I have found it remarkably accurate. I can see when I got up to pee at night; when I tossed and turned at 4 a.m. with my mind worrying over a work problem, and when I woke from a dream or had a night sweat. Their 2021 validation study (which, yes, is company generated, but still quite comprehensive) shows that the ring agreed with polysomnography (aka medical sleep study) data 79% of the time. Pretty impressive for a lightweight ring you barely know is there. The Sleep Foundation also rates it their top pick.

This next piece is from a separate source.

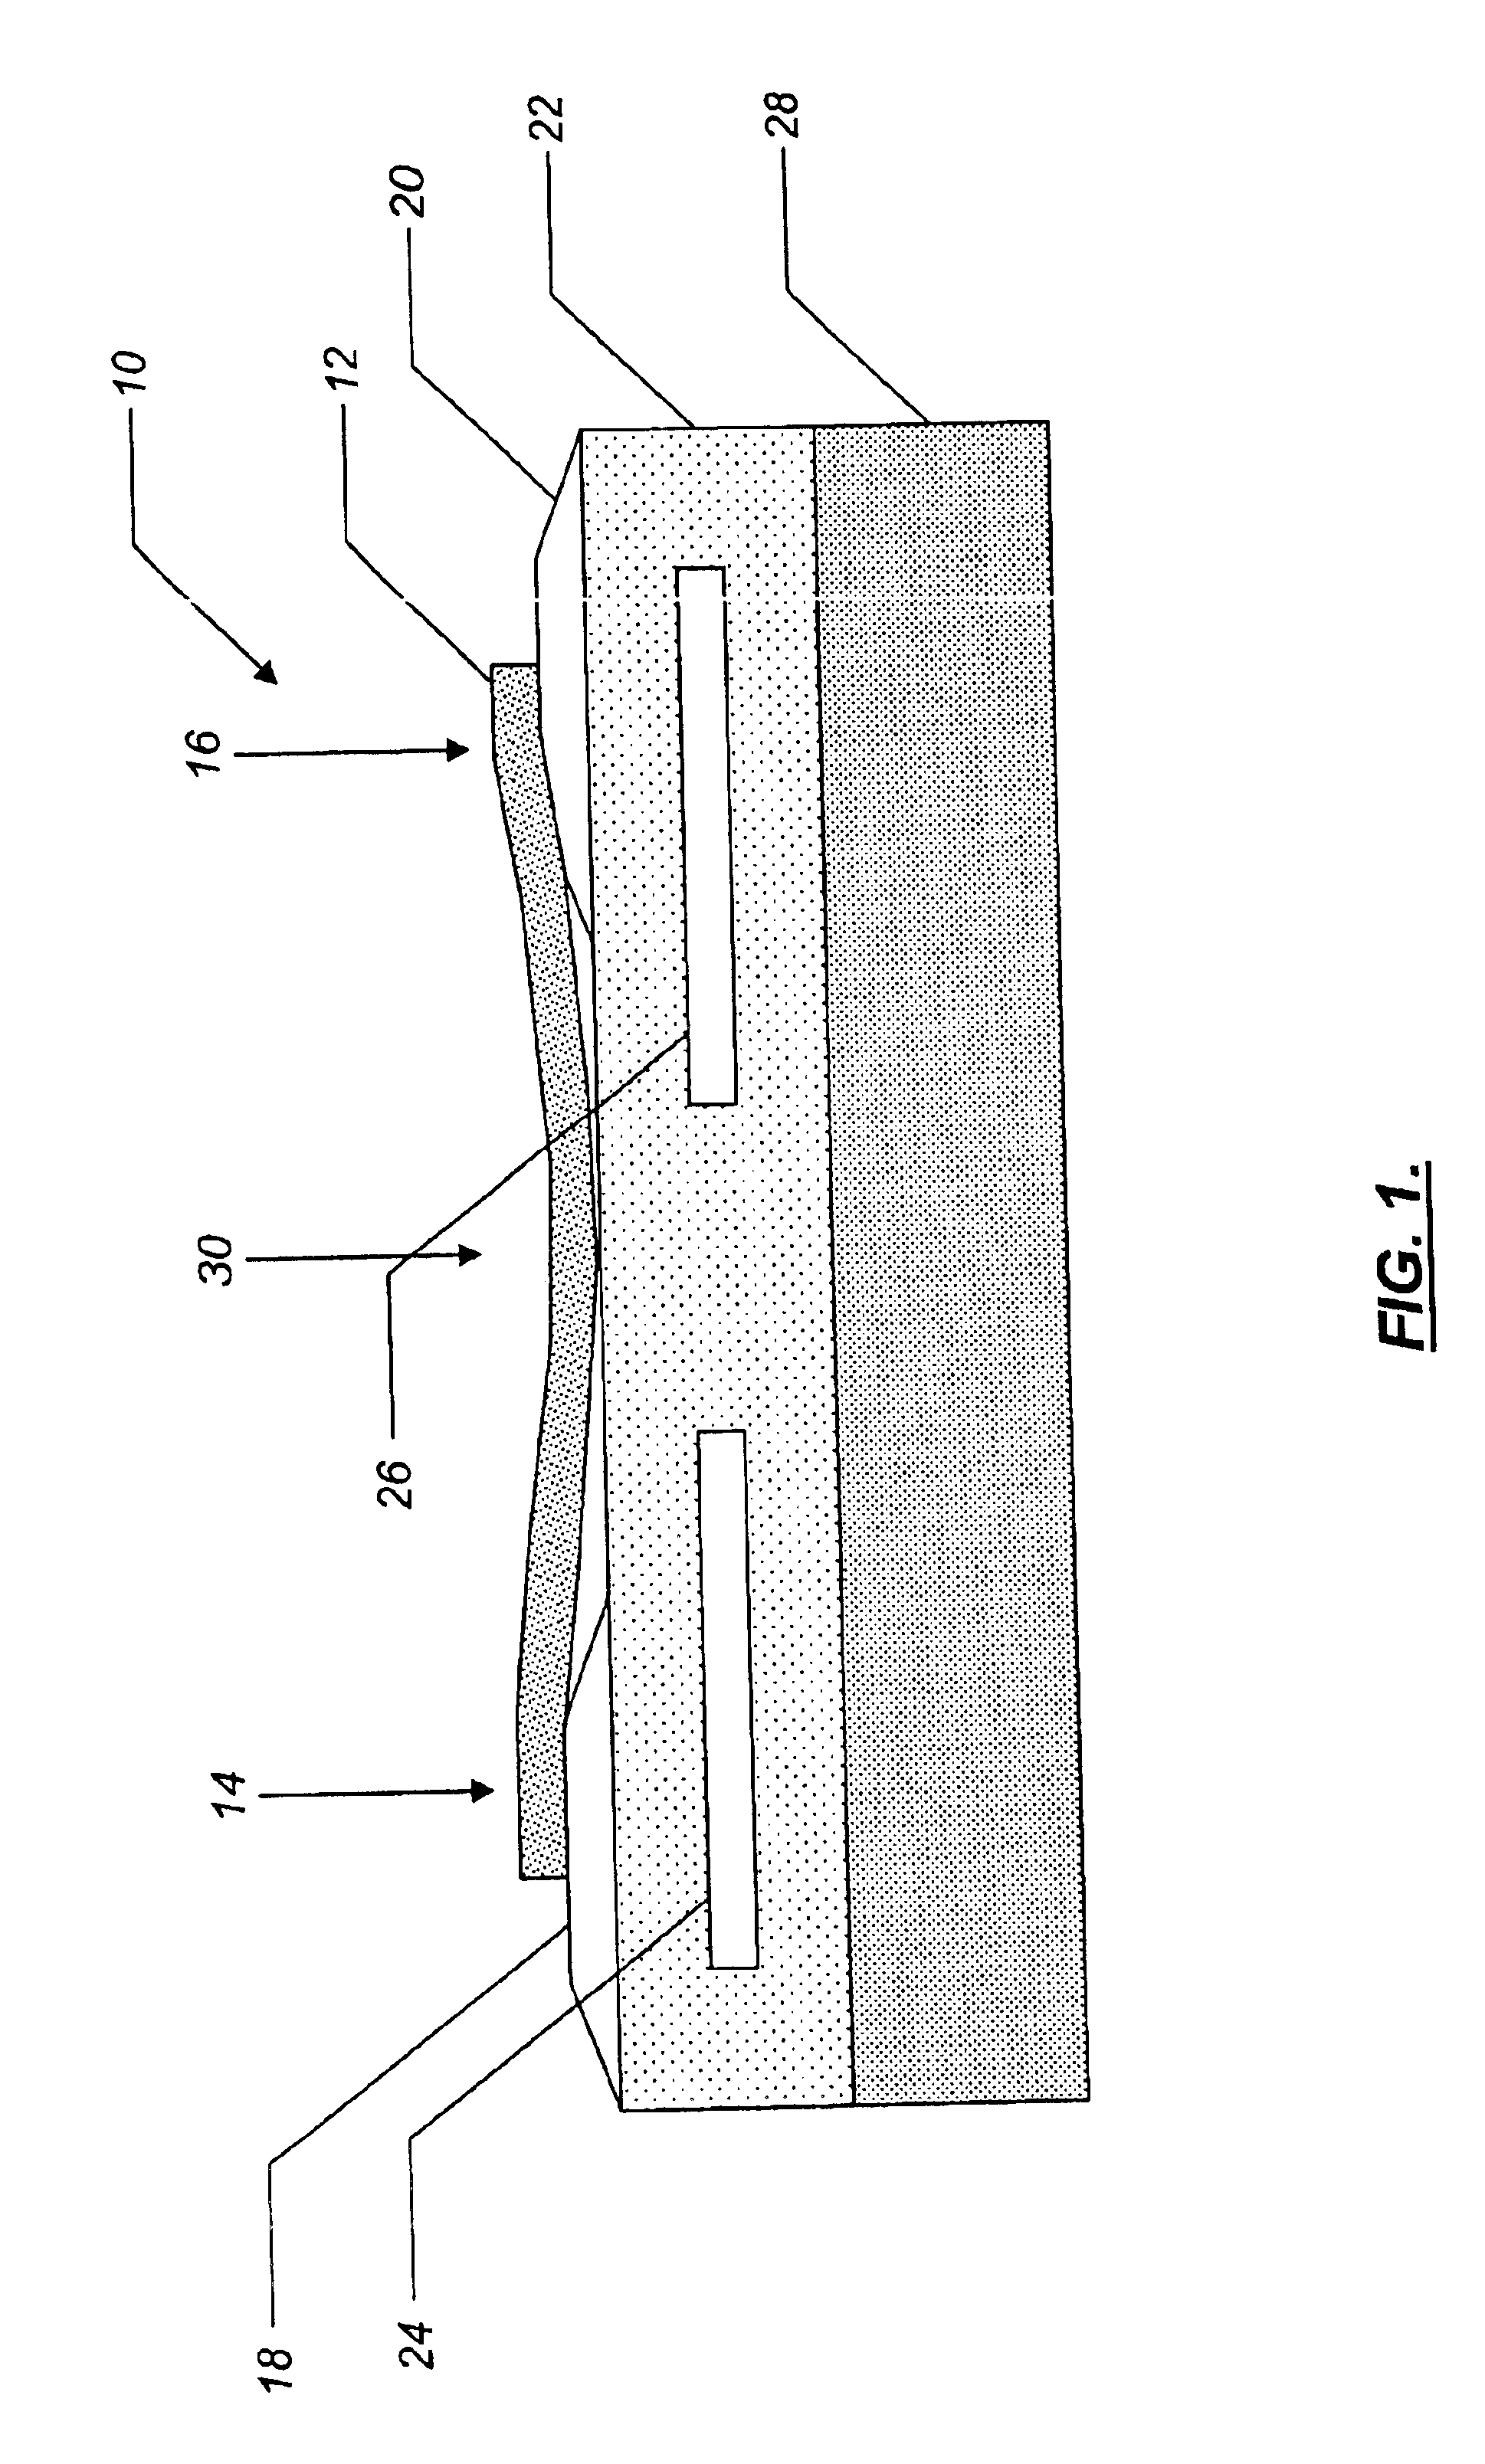 Method for forming an electrostatically-doped carbon nanotube device

The Readiness Score is calculated based on your Sleep and Activity Scores along with your heart rate variability (HRV, a reflection of your autonomic nervous system activity; higher is generally more relaxed, lower is more stressed), skin temperature, resting heart rate, and your recovery index (how long it takes your heart rate to stabilize during the night). Interestingly, back in 2021, the ring knew I had Covid before I did, as my body temperature and respiratory rate were elevated before I started to feel off.
You can track all these factors separately, or just look at the daily score, which is a numerical rating between 0 and 100. The cutoff is 75 for good and 85 for optimal.
Women-Specific & Other Special Features
Oura also offers some cool women-specific features like Cycle Insights, which pairs with apps like Natural Cycles so you can better see how perimenopause is affecting your body.
The Oura app also offers meditation sessions, breathing exercises, and very pleasant sleep stories (I drifted off to East of the Sun and West of the Moon a half a dozen times before I finally listened earlier in the evening to find out what happened to the tall white bear…).
I sometimes think that I don’t really need to track my sleep anymore since I’ve spent three years learning how training, stress, and myriad lifestyle habits impact my physiology. But I like the accountability factor. I like knowing that if I respect my recovery, practice healthy habits, and head to bed early with a book, I’ll get a good score in the morning, not just because I like gold stars and virtual bling (though I definitely do), but also because I’ve seen in real life all the ways it benefits my health and well-being.